- Country: United States
- Location: 3200 Hawkins Point Road, Curtis Bay, Baltimore, Maryland
- Coordinates: 39°12′10″N 76°33′21″W﻿ / ﻿39.20278°N 76.55583°W
- Status: Commissioned
- Commission date: c. 1994
- Owners: Curtis Bay Energy, LP

= Curtis Bay Incinerator =

Incinerator in Maryland, US

The Curtis Bay Incinerator is a waste-to-energy plant located in Curtis Bay, Baltimore, in Maryland, United States. A major polluter, it is the largest biomedical waste incinerator in the United States.

== History ==
The Curtis Bay Incinerator is the largest biomedical waste incinerator in the United States. It was commissioned c. 1994. In 2021, Curtis Bay Medical Waste Services—the incinerator's owners' former name—were acquired by private equity firm Aurora Capital Partners, who changed its name to Curtis Bay Energy, LP.

== Pollution ==
A 2024 study found it causes $36.9 million in damages per year to public health, with regulations limits allowing it to cause as much as $107.1 million per year.

A 2019 investigation by the Maryland Department of the Environment (MDE) revealed the employees of the Curtis Bay Incinerator routinely mishandled biomedical waste, such as overfilling the steamers and undercooking the waste, at times by instruction of supervisors. Following an unnanounced inspection on November 8, 2019, a complaint was received that employees had disconnected an illegal pump and hose, concealing them beneath a leaking closed-loop steam condenser to hide them from the MDE inspector. In a later inspection on January 7, 2020, the concealment was found to have occurred again. The pump and hose were being used to dump discharge to a nearby property. MDE sampled the discharge a single time in December 2019, and found it to be free from pollutants on that occasion.

On October 17, 2023, Curtis Bay Energy, LP—the incinerator's owners—were found guilty on forty counts of pollution, with a Maryland judge ordering the company to pay the Maryland Clean Water Fund $1,000,000 and were placed under probation for two years. Additionally, they were given a $750,000 supplemental environmental project, monitored by the Chesapeake Bay Trust. It was one of the biggest penalties of a Maryland environmental case.

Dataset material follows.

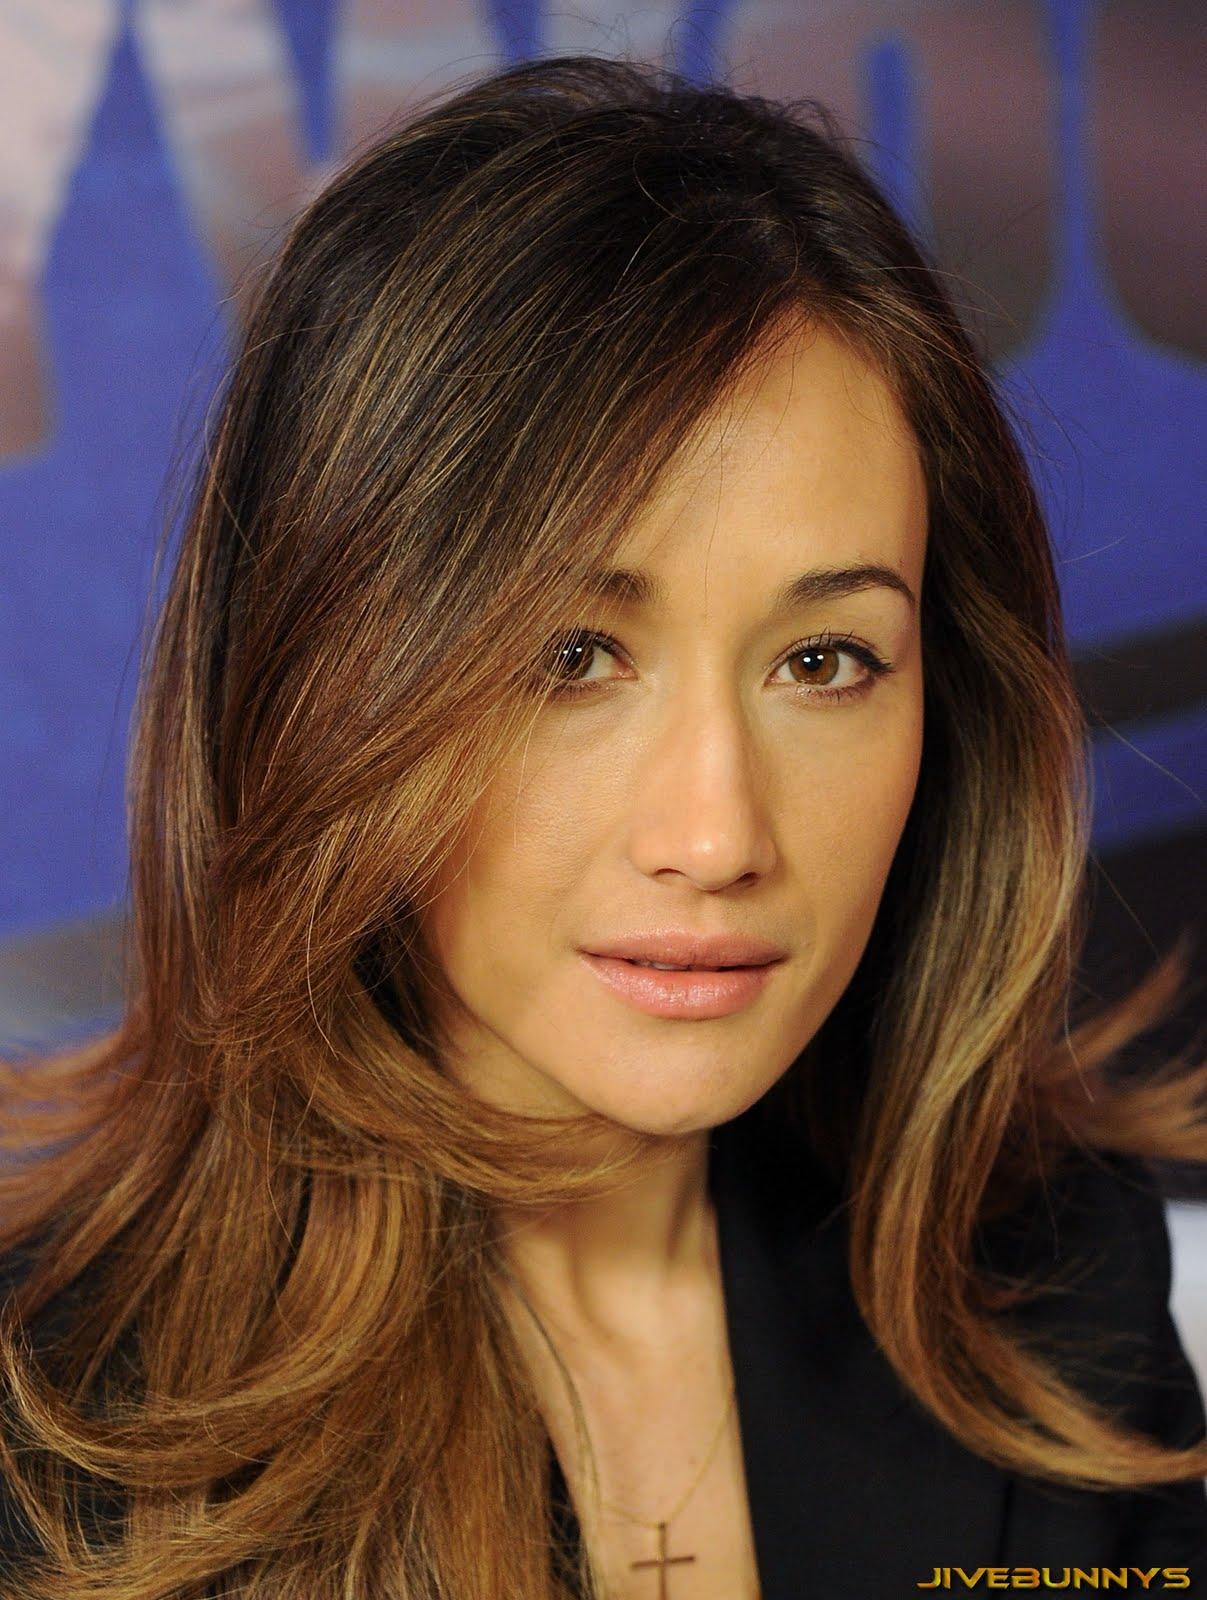 http://1.bp.blogspot.com/-z-OA17250oY/TdmfyNpx1yI/AAAAAAACFcM/Irdxu2B6LUA/s1600/maggie-q-actress-celebrity-405.jpg

Pollution at the Curtis Bay Incinerator continued, despite the lawsuit and in the face of a video camera evidence capturing it in the process. In January and February 2024, smoke was noted—on twelve occasions—to be coming out through ventilation shafts, instead of through the pollution control equipment. Greg Sawtell of the Community of Curtis Bay Association alleged that the Curtis Bay Incinerator illegally collects biomedical waste from multiple states, as well as Canada. Sawtell also stated that the Curtis Bay Incinerator's mercury emissions had been found to exceed regulatory limits over 400 times.

On March 20, 2024, Baltimore City Council organized a meeting on the Curtis Bay Incinerator.